Print out the data below in full and exactly, skipping the pictures.

◆ Data ◆
------------------------------------------------------------

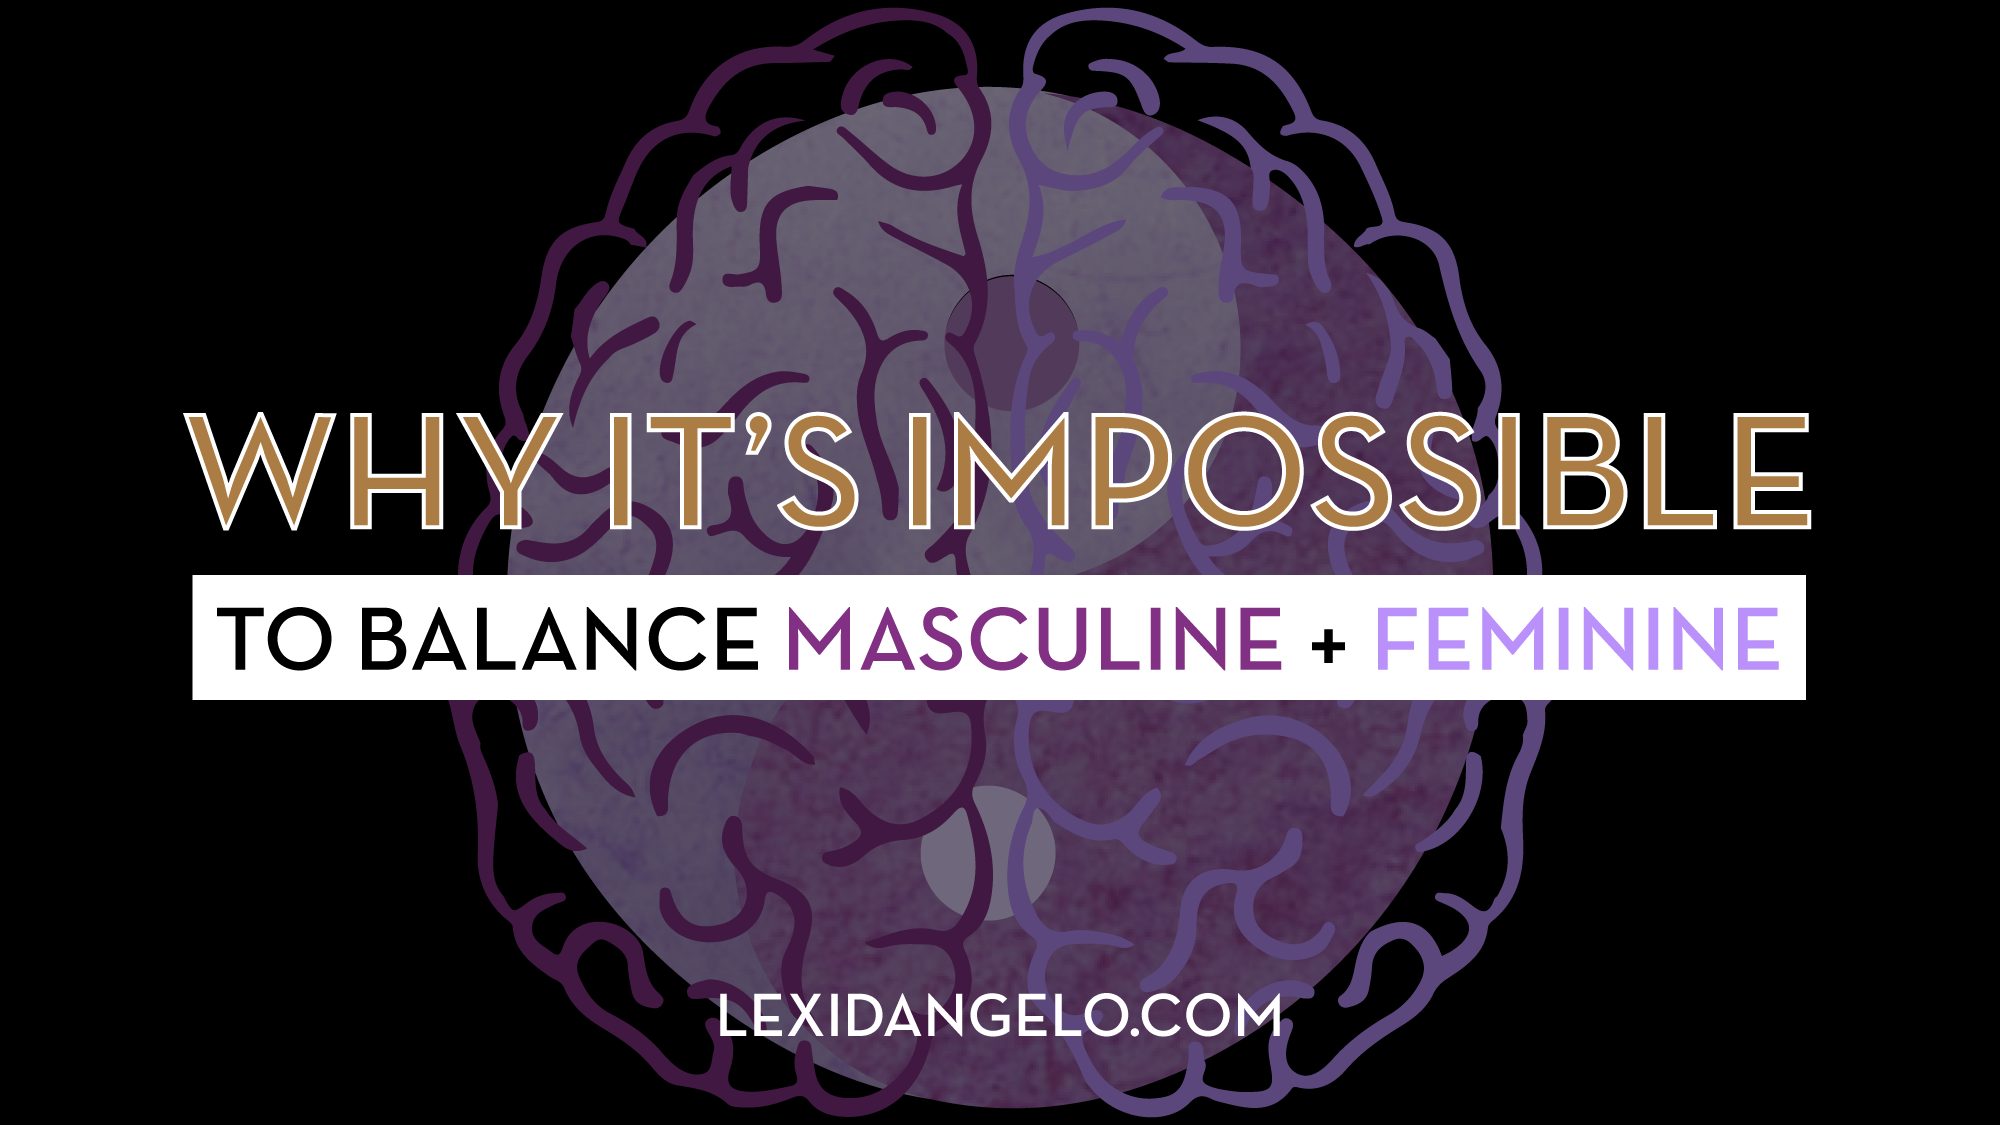 Why-It's-Impossible-to-Balance-Masculine-+-Feminine---Yin-Yang-Right-Left-Brain
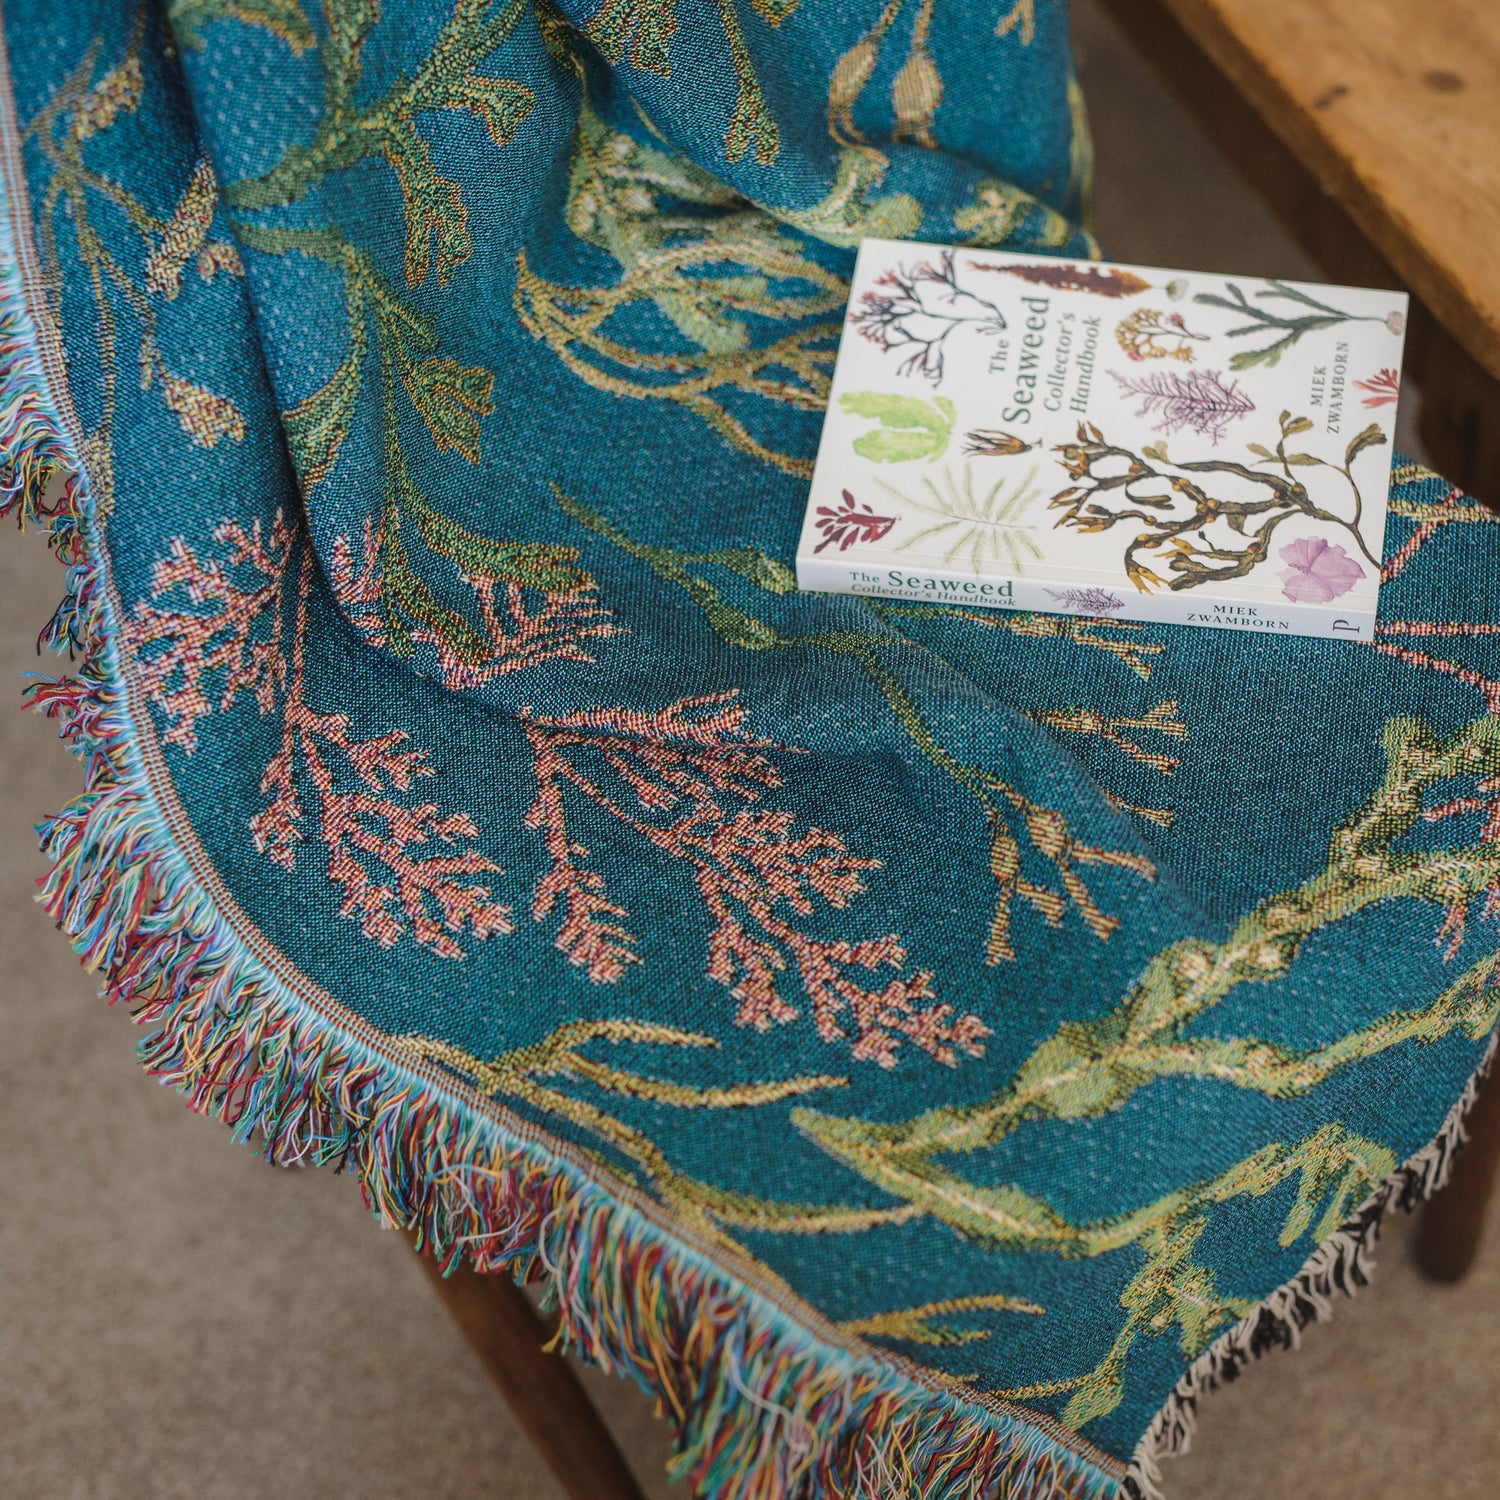 Woven blanket with fringe on chair  with delicate seaweed design in blue, green and pink
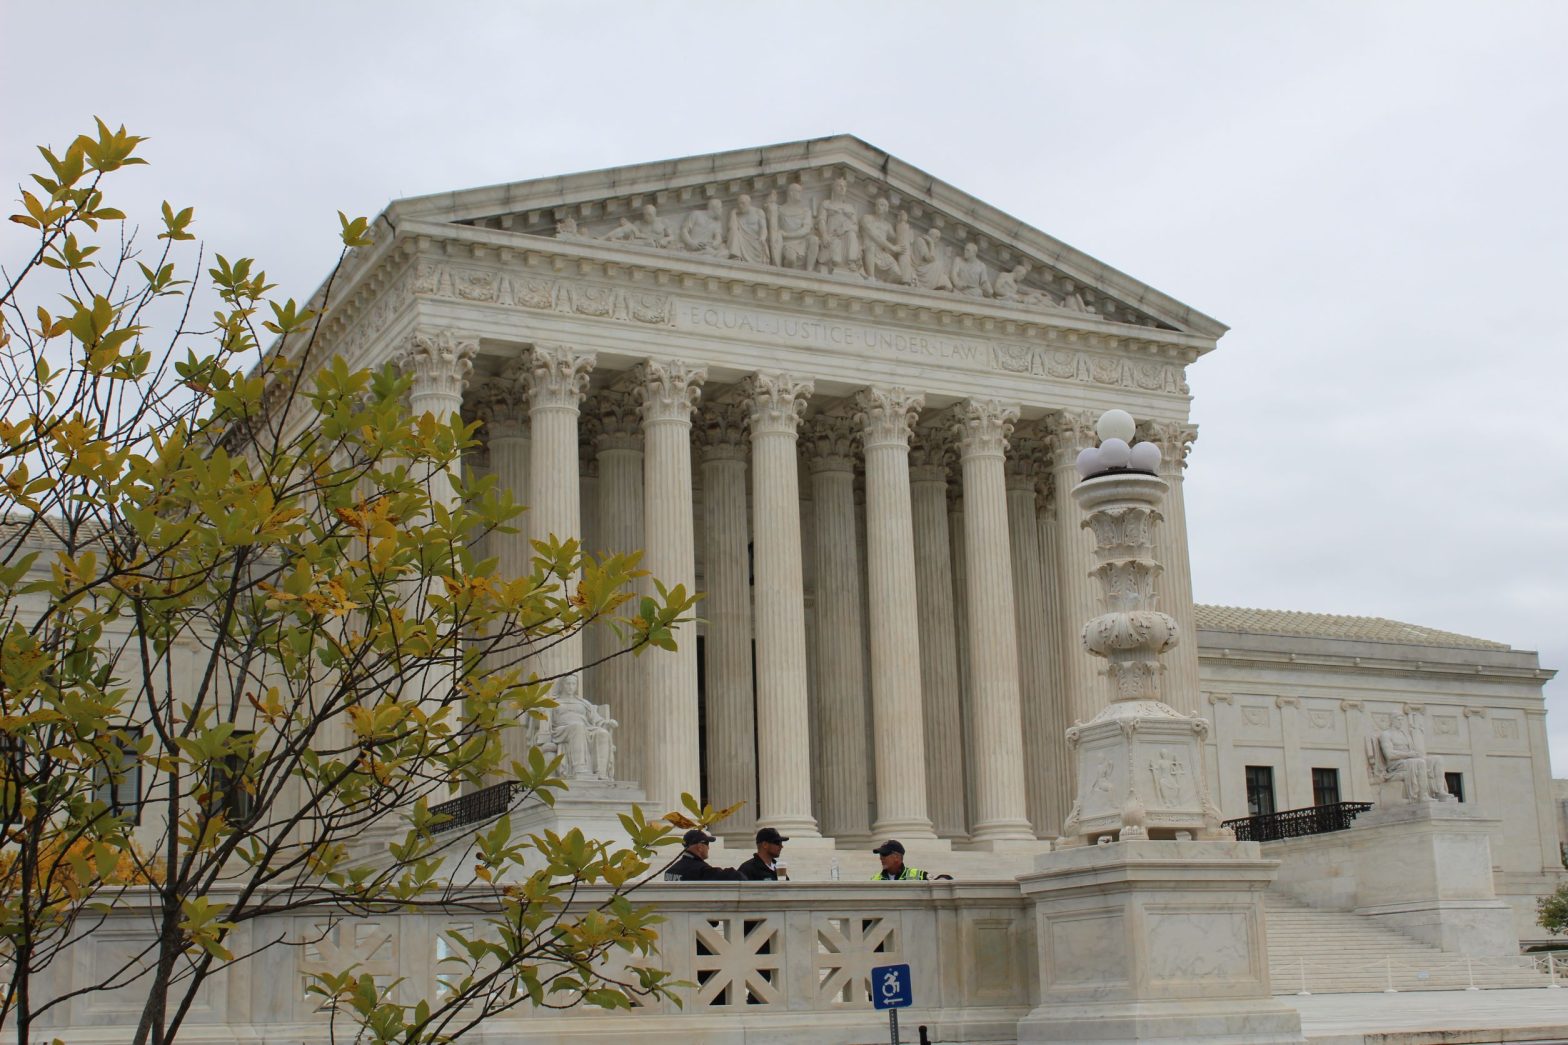 Abortion-Rights Protesters Arrested After Disrupting Supreme Court Hearing
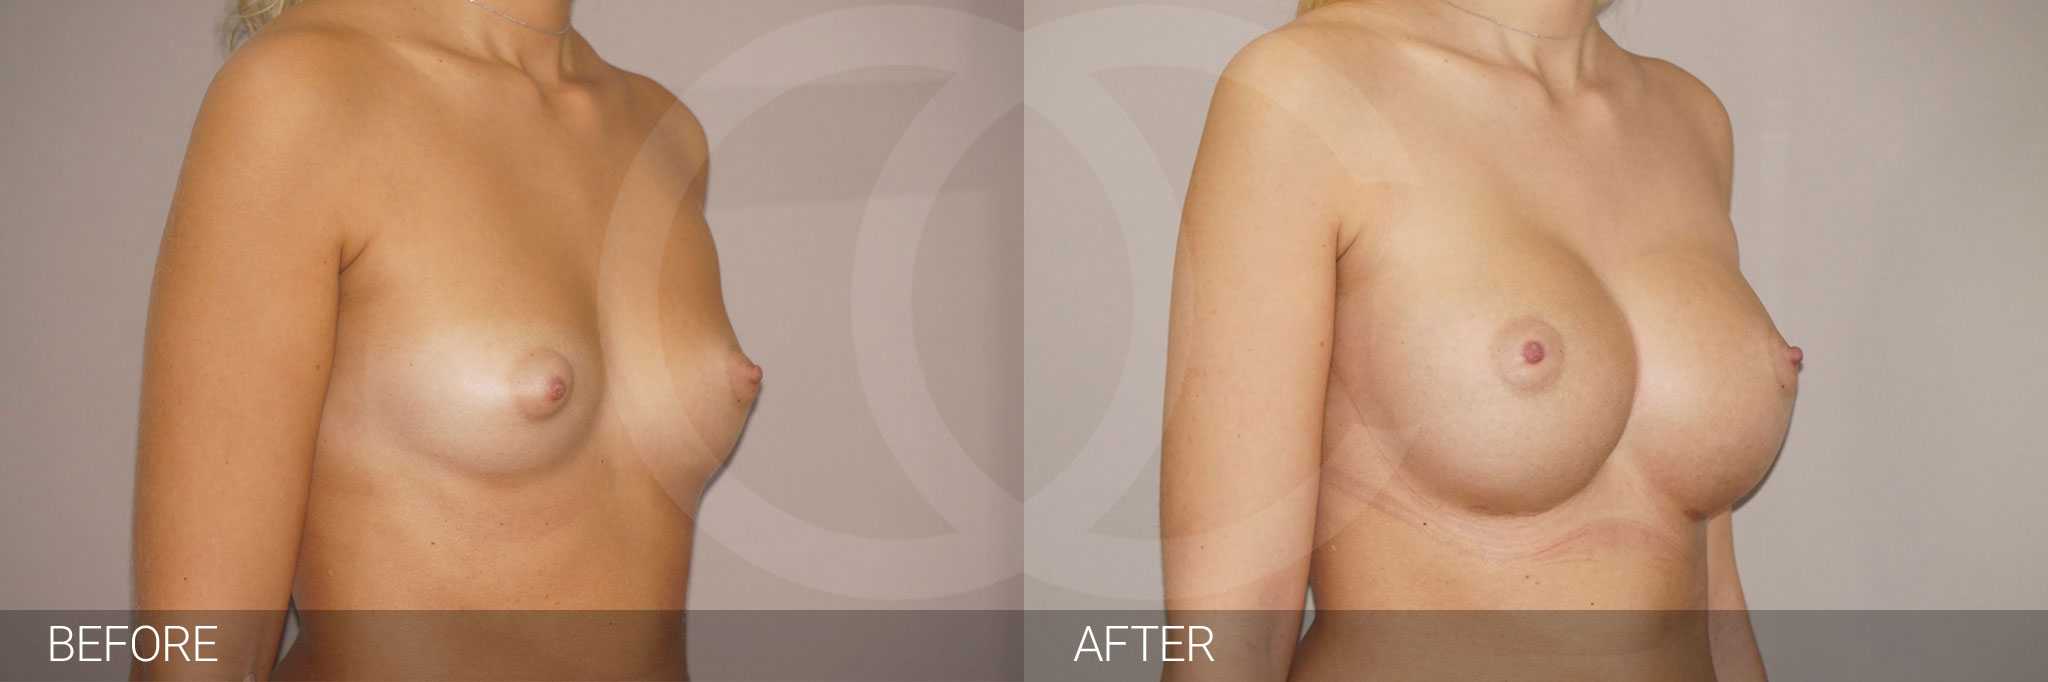 Breast Augmentation Nagor Anatomical 485cc ante/post-op II

------------------------------------------------------------

◆ Answer to the problem ◆
 Why-It's-Impossible-to-Balance-Masculine-+-Feminine---Yin-Yang-Right-Left-Brain
 Woven blanket with fringe on chair  with delicate seaweed design in blue, green and pink
 Abortion-Rights Protesters Arrested After Disrupting Supreme Court Hearing
 Breast Augmentation Nagor Anatomical 485cc ante/post-op II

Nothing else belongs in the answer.